= Pierre de Corbie =

Pierre de Corbie (died after 1195) was an early trouvère from the Île-de-France. He is probably the same person as the magister Petrus de Corbeia ("master Peter of Corbie") who served as a canon at Notre Dame d'Arras between 1188 and 1195. Five of the seven surviving songs associated with Pierre are found only the closely related sources TrouvM and TrouvT. The remaining two are in those manuscripts but are also found more widely.

==Songs==
Songs associated with Pierre include chansons courtoises with and without refrain a satirical song, and two pastourelles, one of which is a song with changing refrains (a 'chanson avec des refrains'). Less securely attributed is a jeu-parti, listed here for completeness but likely not by him. One of his melodies appears with a contrafact Marian text in other sources Scholarly diagnosis of different melodies in different sources is sometimes unreliable (details below).

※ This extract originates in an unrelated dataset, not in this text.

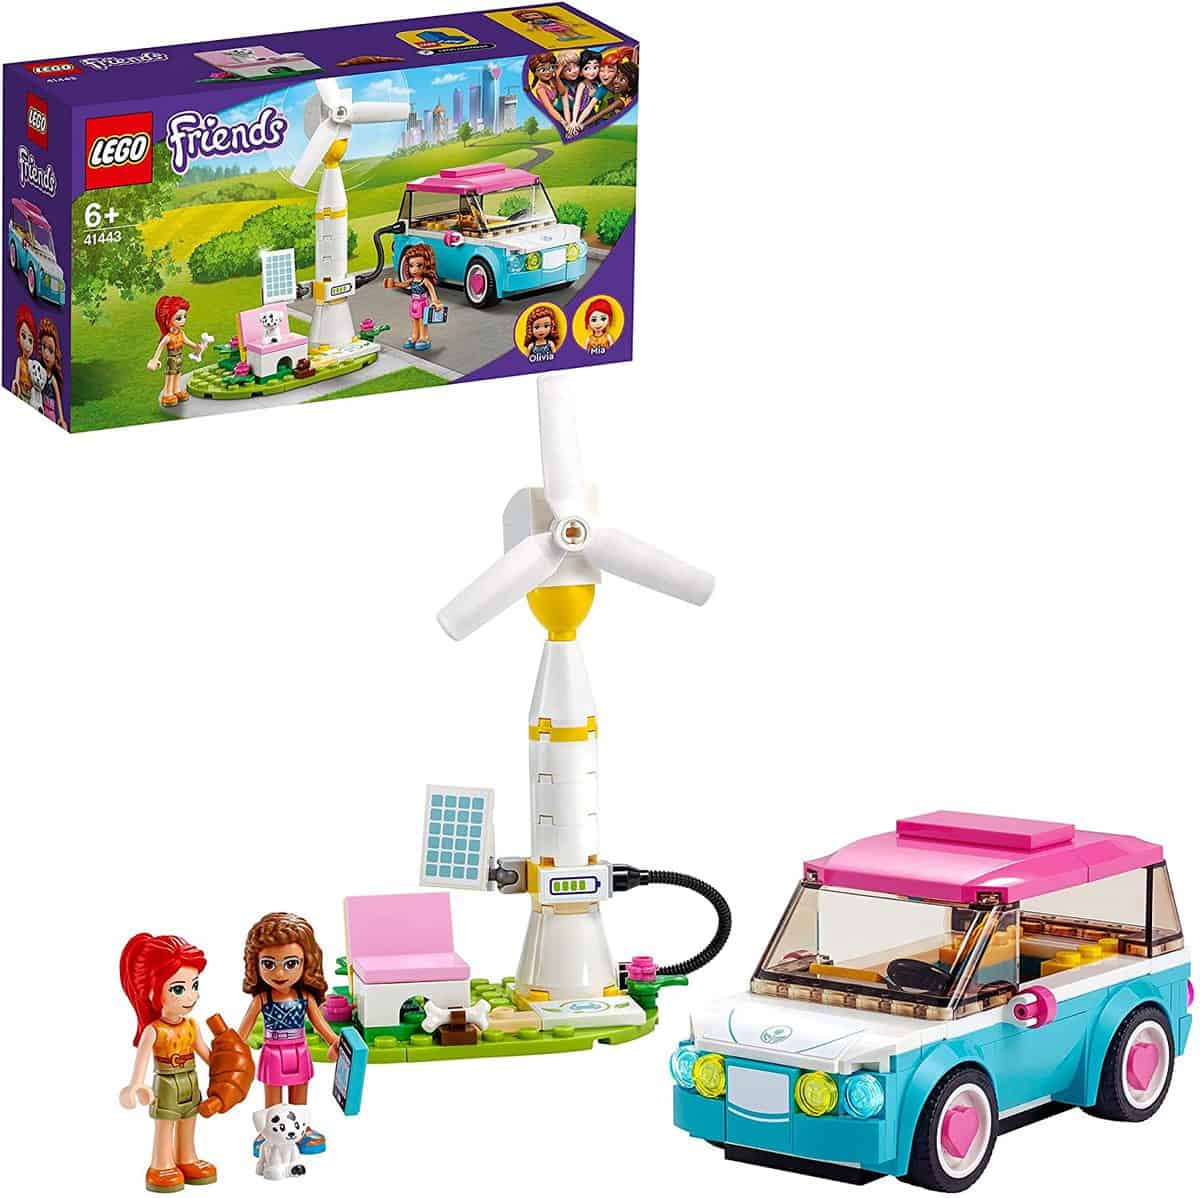 LEGO Friends - Olivias Elektroauto (41443) - für 7,07 € [Prime] statt 9,99 €

The RS numbers given here are the standard catalogue numbers of Raynaud-Spanke.
===Pastourelles===
- Par un ajournant (RS291): the melody with this text found in TrouvM and TrouvT. An anonymous Marian contrafact text set to the melody of this song is found in TrouvP and TrouvX.
- Pensis com fins amourous (RS2041): Chanson avec des refrains in TrouvM and TrouvT.

===Love songs===
- Dame, ne vous doit desplaire (RS158): Despite Falck's claim of dissimilarity, the melodies of TrouvM and TrouvT are similar, allowing for a relatively large number of local pitch errors and minor variants.
- En aventure ai chante (RS408): found in TrouvM, TrouvT, TrouvU, TrouvO, and TrouvC, the last of which has empty staves and ascribes it to 'messirez uguez de bregi'. Falck notes the melody in O as different from the other sources.
- Esbahis en lonc voiage (RS46): refrain song found in TrouvM and TrouvT.

===Satirical song===
- Limounier, du marriage (RS 29): Falck and Spanke note different melodies in TrouvM and TrouvT, but the melodies in the two sources are the same, albeit incomplete in the former, where the page is damaged through cutting.

===Jeu parti===
- Amis Guillaume, ainc si sage ne vi (RS1085): two melodies, one only in TrouvA, the other in TrouvM and TrouvT; both through-composed. NB: Although Falck ascribes this to Pierre, Tischler lists him only as a judge, attributing the song to Adam de Givenci and Guillaume le Vinier.